Let’s see an example. Consider the following model:
In DAX Query View, the following Copilot prompt
Write a measure that returns Order Amount for the employee Gabi and show that measure in a query broken down by product
…returns the following measure definition and DAX query:
DEFINE
MEASURE 'Orders'[Gabi's Order Amount] =
CALCULATE(
[Order Amount],
'Employee'[Employee Name] = "Gabi"
)
EVALUATE
SUMMARIZECOLUMNS(
'Product'[Product Name],
"Gabi's Order Amount", [Gabi's Order Amount]
)
As you can see, it’s successfully generated the measure definition I wanted and also written a DAX query that shows the results. I’ll admit it’s not the most complex measure in the world but all the same I know plenty of users find Calculate() hard to understand and would find this very helpful. I will also admit that the quality of the results is heavily dependent on whether you have followed best practices for Power BI semantic model design.
Explain DAX topics and apply them to your code
Looking at the measure Copilot just wrote you might think “should I be using the KeepFilters() function here?”. Entering the prompt:
Explain the DAX KeepFilters function
…gives you a nice explanation of what the KeepFilters() function does:
That’s great, but I could get that from a search engine. What is impressive is that the explanation includes a version of the measure above rewritten to use KeepFilters():
Rewrite the "Gabi's Order Amount" measure so that it uses the DAX KeepFilters function
…and see the rewritten version side-by-side with the original:
…so you can see what exactly has changed and decide whether to accept the change or not.
Explain DAX code
Taking over the ownership of a semantic model that someone else built and understanding their code is tough. Copilot in DAX Query View can help here too. Let’s say you have the following measure in your model:
Avg Order Amount =
//Chris said to use the Divide() function
//to avoid possible division by zero
DIVIDE(
[Order Amount],
[Order Count]
)
The prompt:
Explain the avg order amount measure
…gives you an explanation of what the measure, and all of the measures it references, does:
It takes code comments as well as the code itself into account and although at the time of writing it doesn’t look at the description properties of your tables, columns or measures it will soon.

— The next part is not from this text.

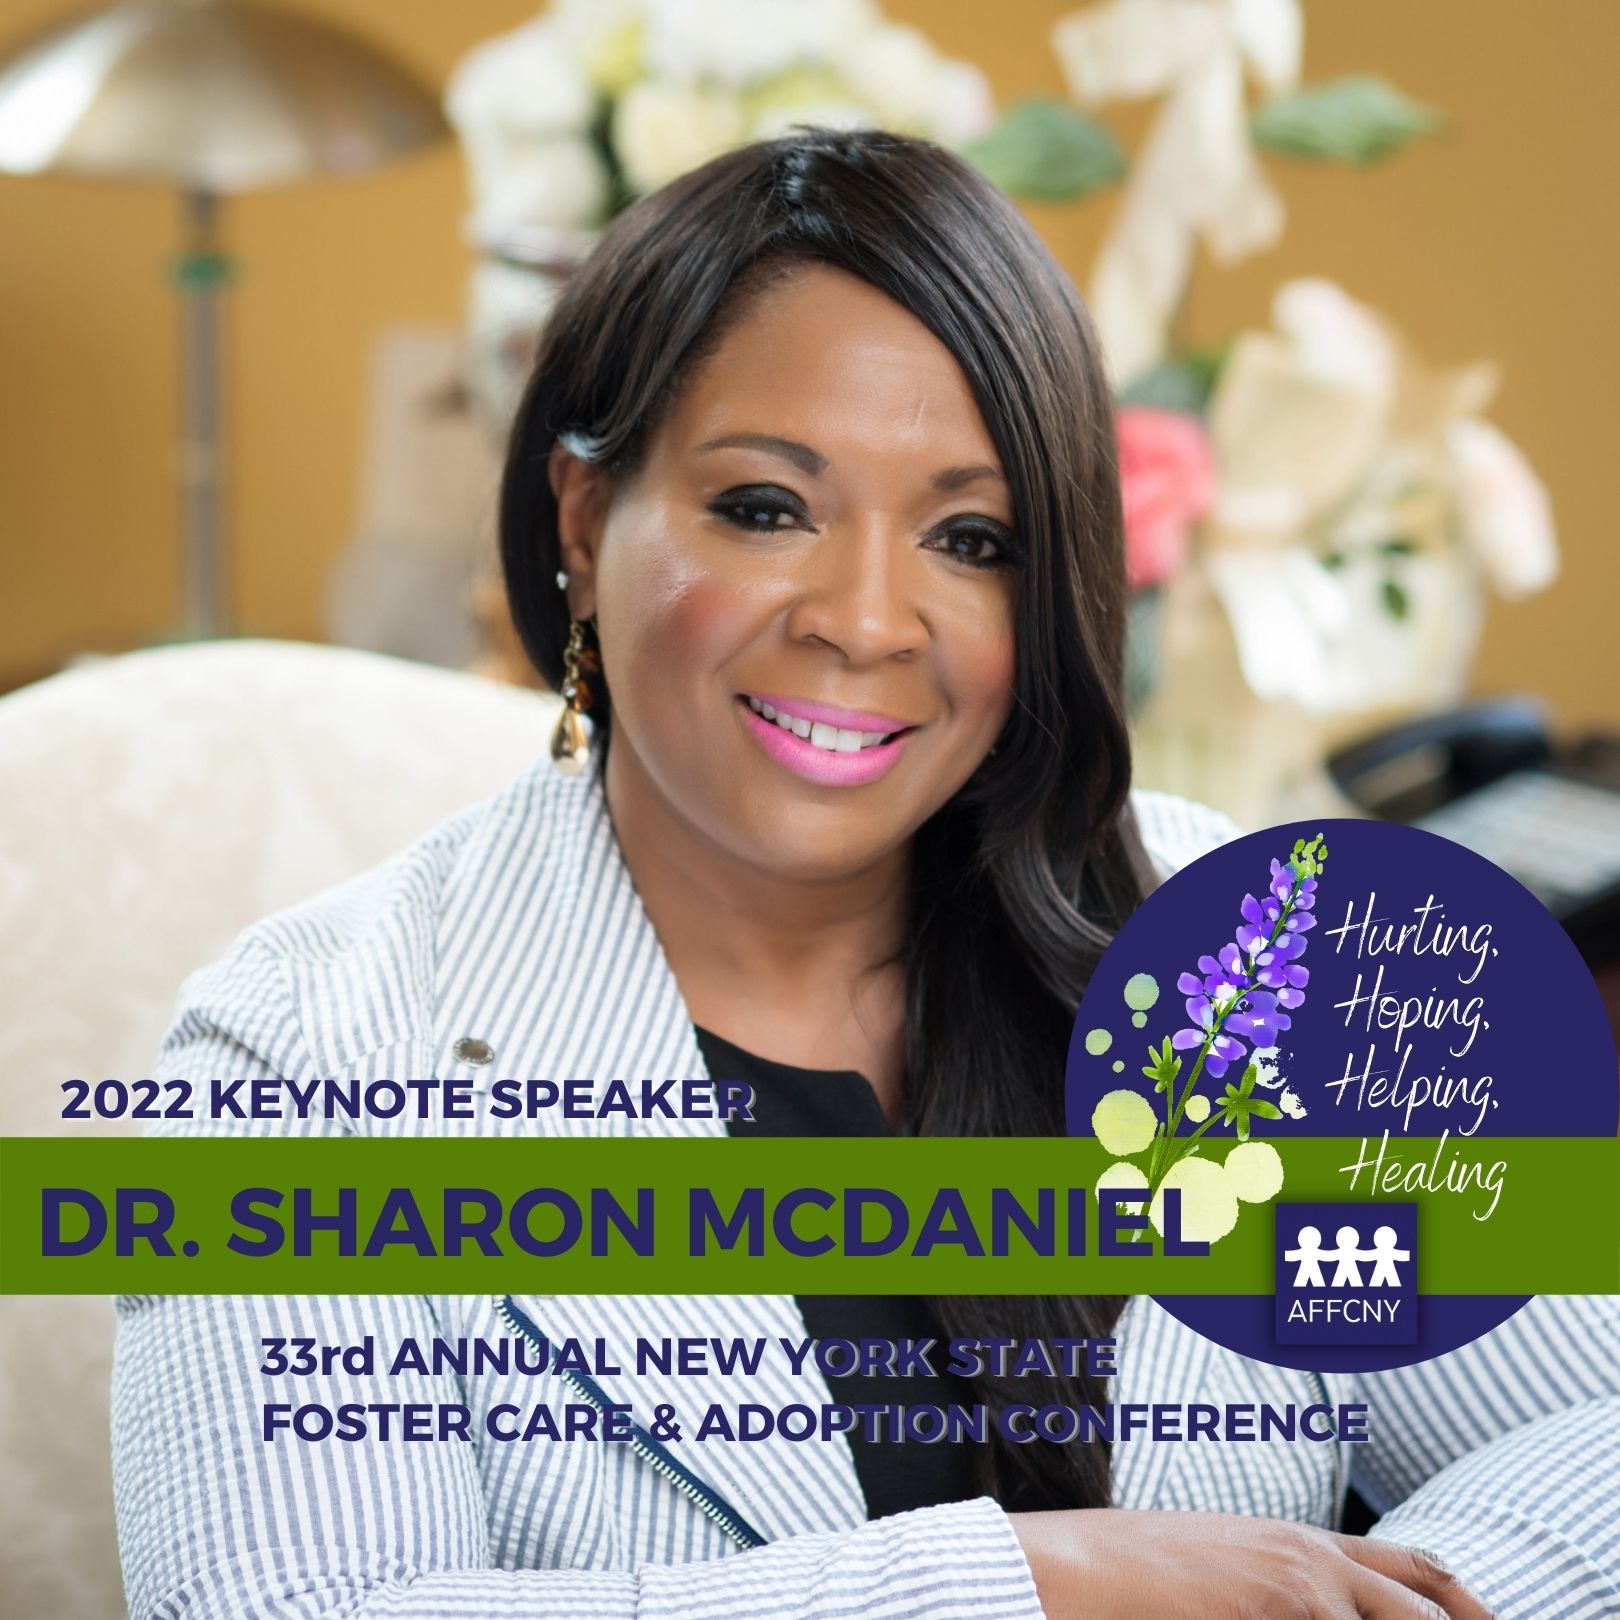 Dr. Sharon McDaniel

Suggest improvements to your measures
Let’s say you have a measure with the following definition:
Order Amount Apples =
CALCULATE(
[Order Amount],
FILTER('Product', 'Product'[Product Name]="Apples")
)
An experienced Power BI developer will read this and immediately hear an (Italian accented) voice in their head saying “Filter columns not tables!” even if in this case the query optimiser will ensure this measure performs well. Most Power BI developers will not see a problem though, and while I’m fairly sure that Tabular Editor’s best practices analyser would also pick up the problem not everyone knows about or is allowed to use Tabular Editor.

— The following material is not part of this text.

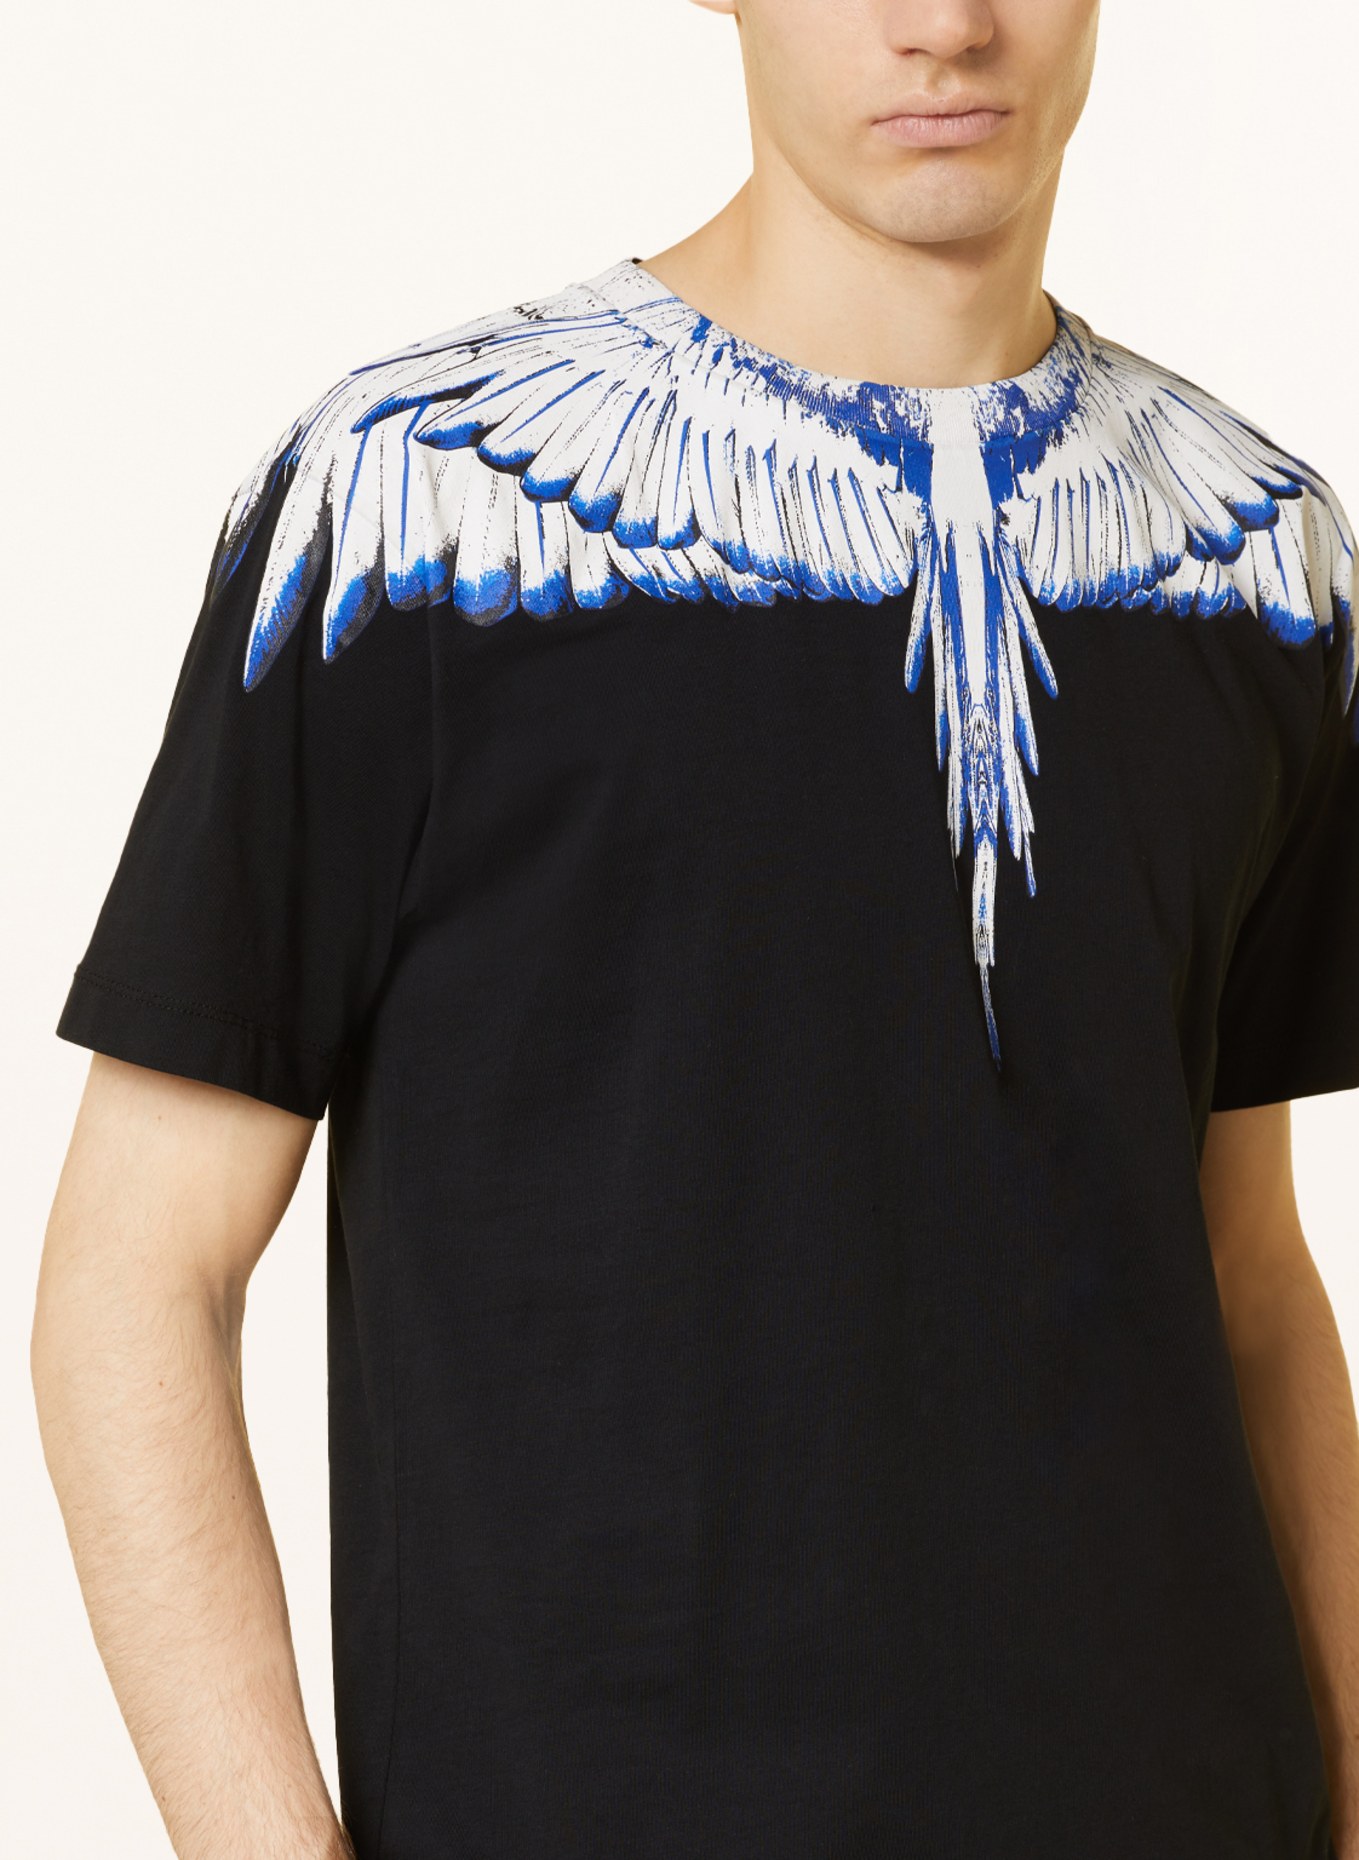 MARCELO BURLON T-shirt ICON WINGS in black/ white/ blue

In DAX Query View you can enter the prompt:
Optimise the Order Amount Apples measure and explain the suggested changes
…and get a pretty good summary of how the measure could be improved to avoid the use of the Filter() function:
Conclusion
Copilot in DAX Query View is not magic. It’s not perfect and it will hallucinate or make bad suggestions occasionally, although I didn’t cherry-pick any of its output while writing this post and it is getting better and better at an impressive rate. It will not replace all the other tools and techniques you use today to write DAX and it will not put Marco and Alberto out of a job. But there’s a saying inside Microsoft that “Copilot is not a pilot”, which sums up nicely how to think about it: Copilot won’t do your job for you but will help you do your job faster and better. As these examples demonstrate, Copilot in DAX Query View can provide a significant productivity boost, especially for less experienced Power BI developers. If you’re the Power BI admin for a large organisation with a lot of self-service usage then I think that productivity boost more than justifies the cost of the Fabric capacity required to run it.
[And yes, before you comment, I know that the fact Power BI Copilot is only available for F64/P1 and above capacities and has geographic restrictions isn’t ideal, but trust me we’re working on ways to make it more affordable and more widely available. We want as many people as possible to use it but we can’t give it away for free. If you’re comparing this with a free service then remember the old saying: if a product is free then you are the product. You may be ok with that but your employer’s lawyers may not be.]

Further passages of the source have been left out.